▶ **GIVEN MATERIAL**
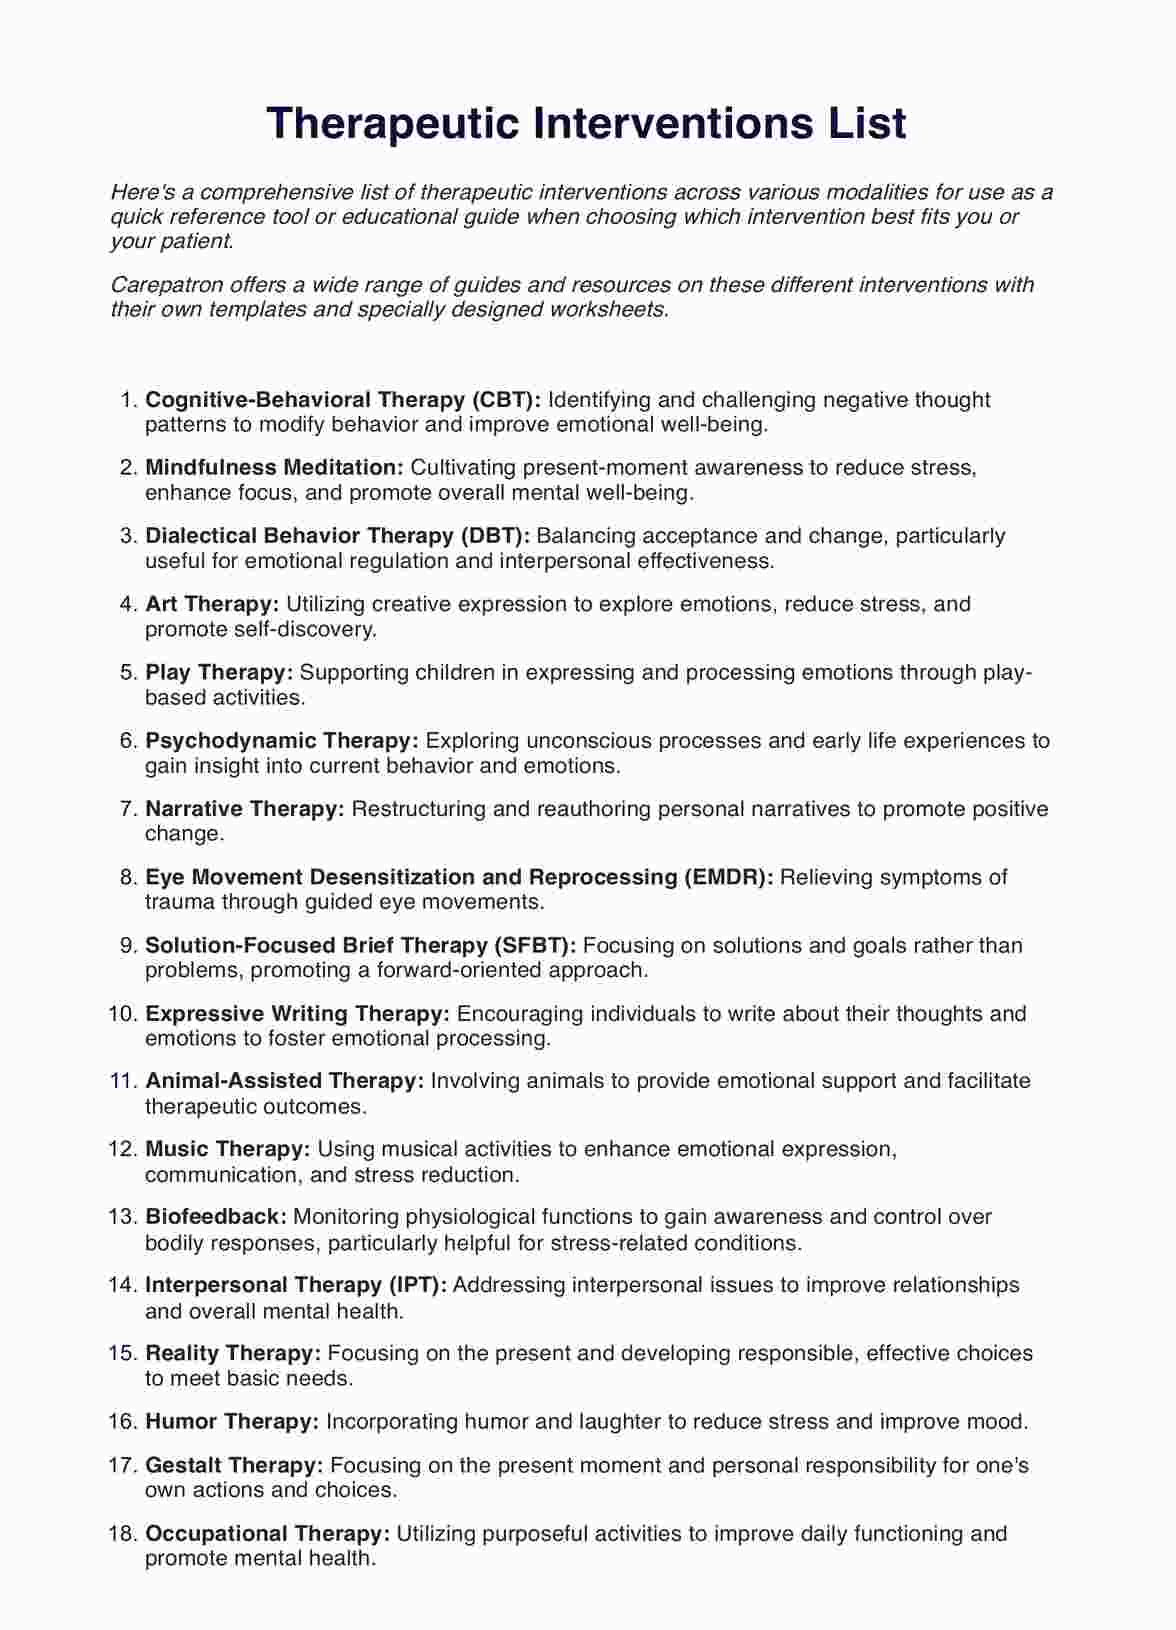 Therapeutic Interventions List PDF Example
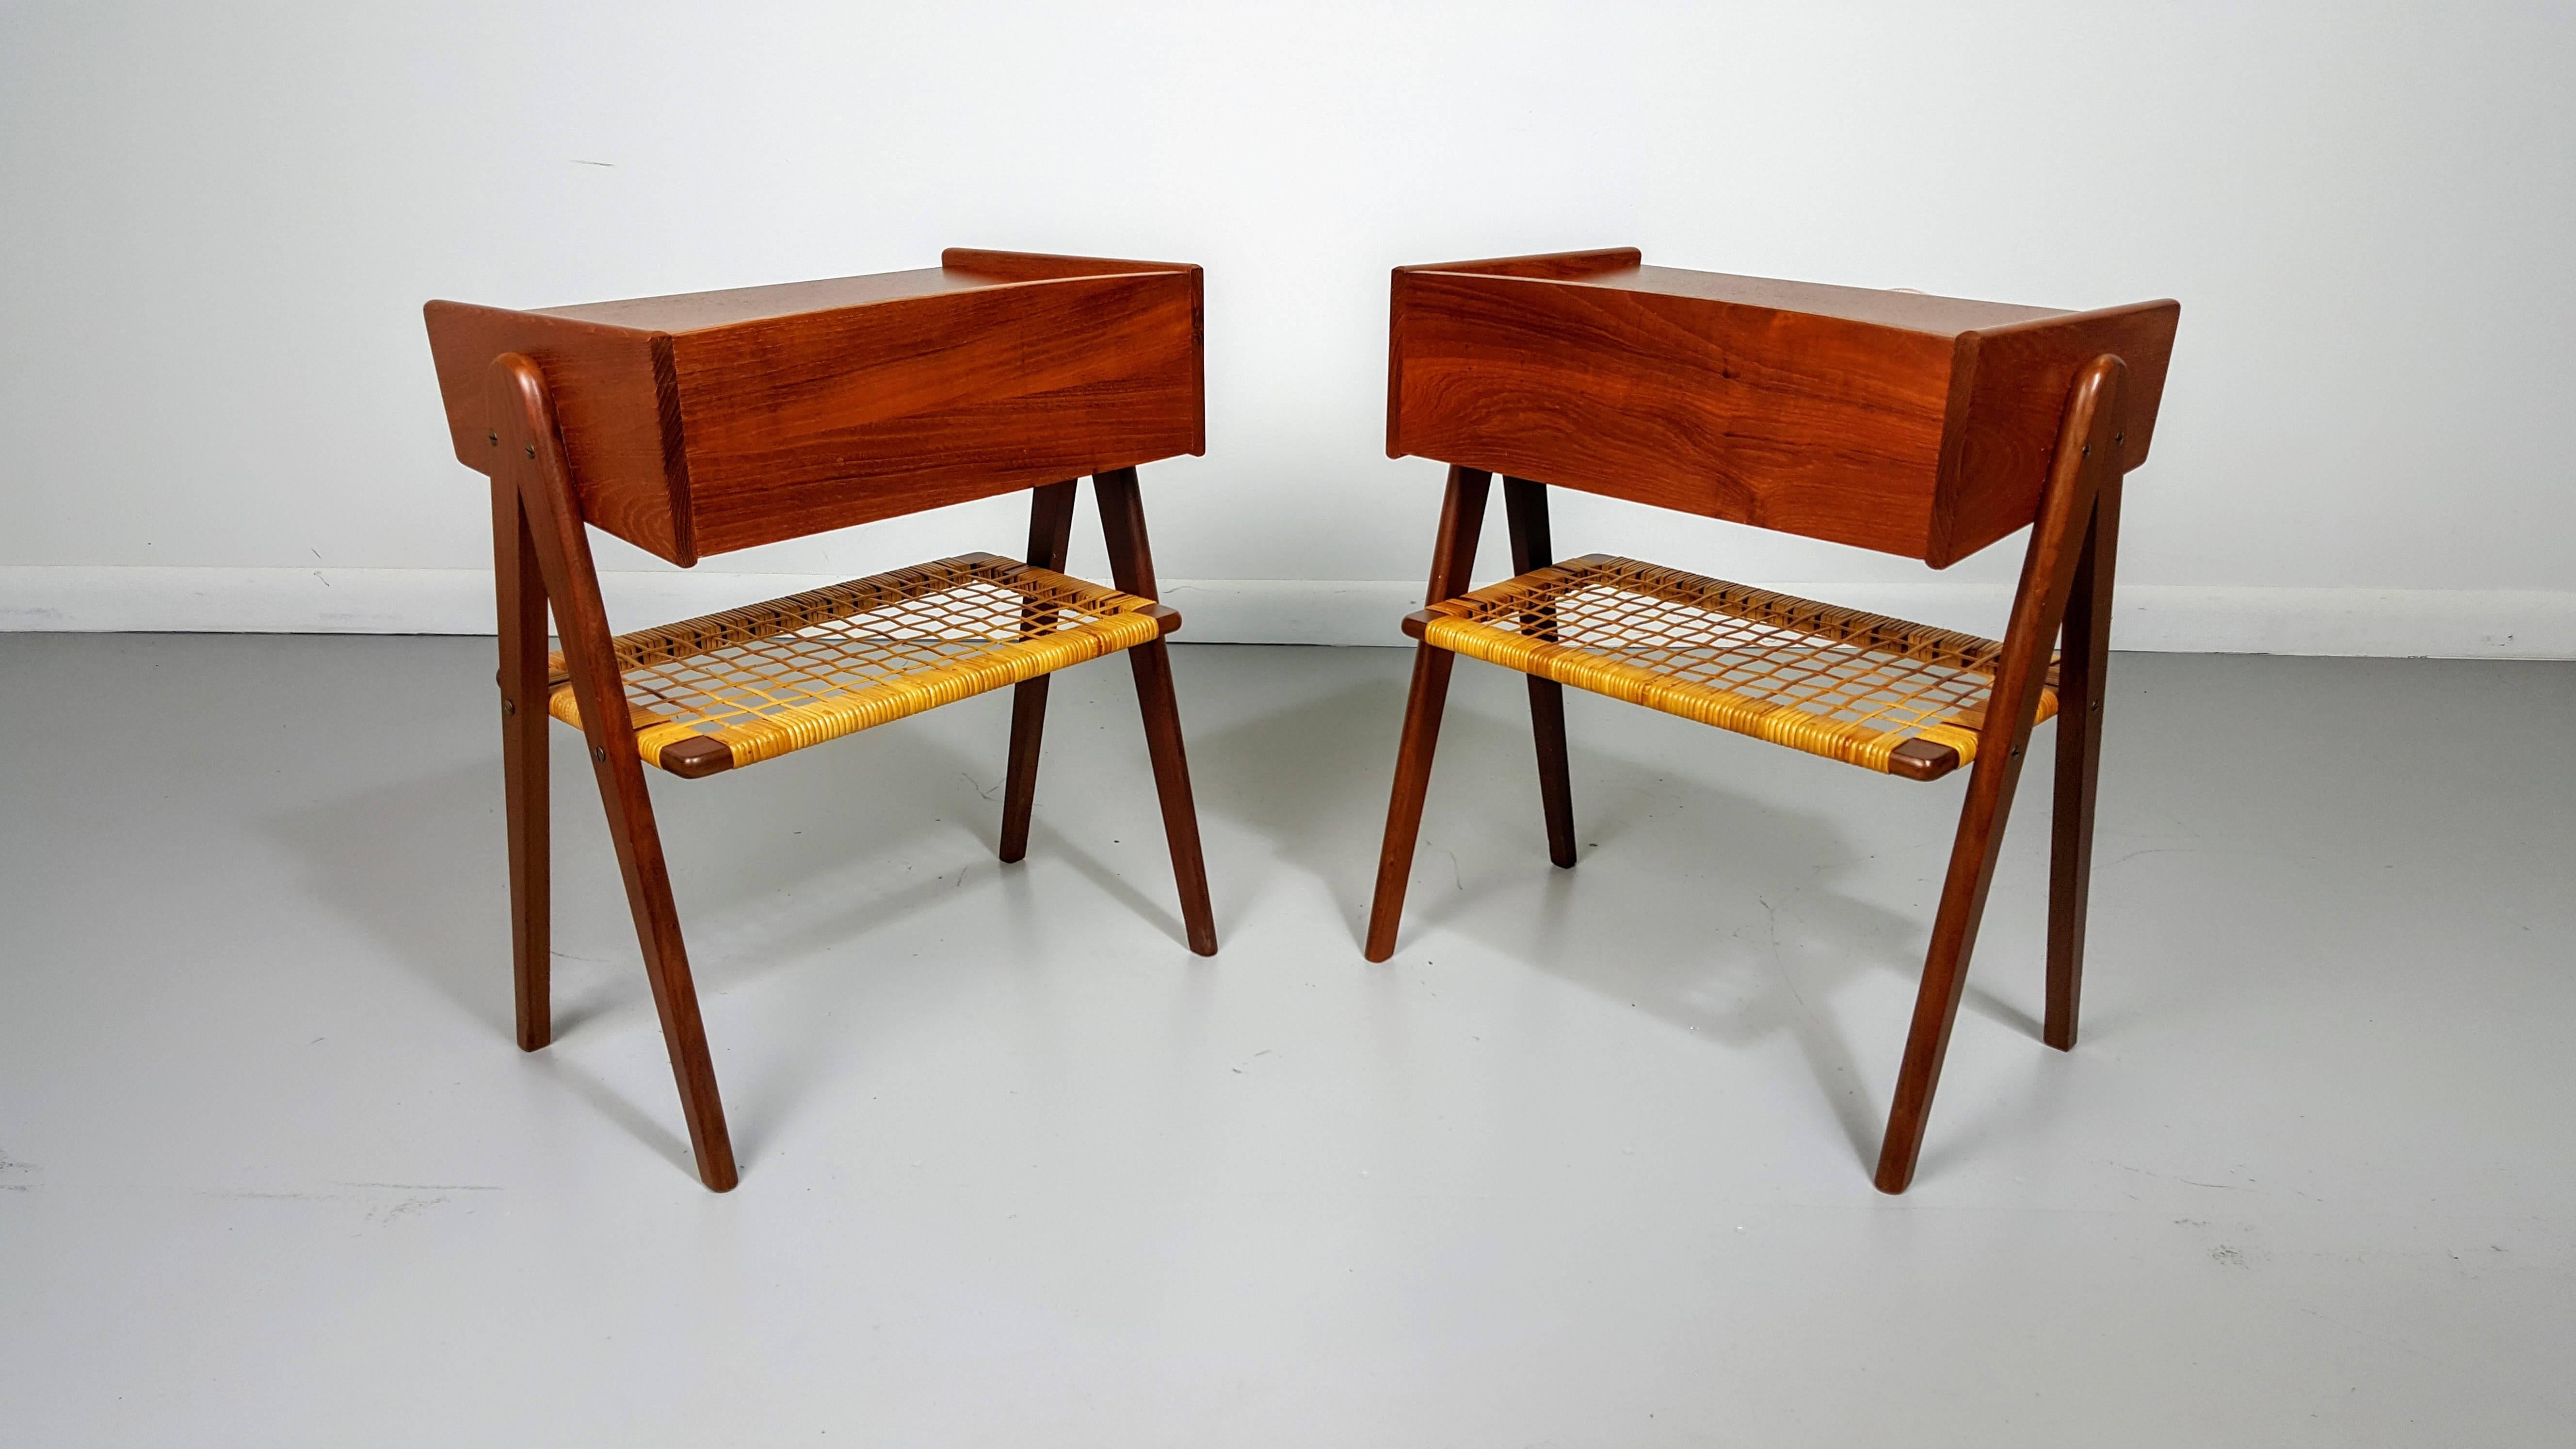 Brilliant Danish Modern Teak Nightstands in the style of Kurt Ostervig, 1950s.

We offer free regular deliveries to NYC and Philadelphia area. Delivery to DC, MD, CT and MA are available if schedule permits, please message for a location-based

▶ **WHAT TO PRODUCE**
Omit every picture while copying the listing above exactly.

▶ **YOUR RESPONSE**
 Therapeutic Interventions List PDF Example
 Brilliant Danish Modern Teak Nightstands in the style of Kurt Ostervig, 1950s.

We offer free regular deliveries to NYC and Philadelphia area. Delivery to DC, MD, CT and MA are available if schedule permits, please message for a location-based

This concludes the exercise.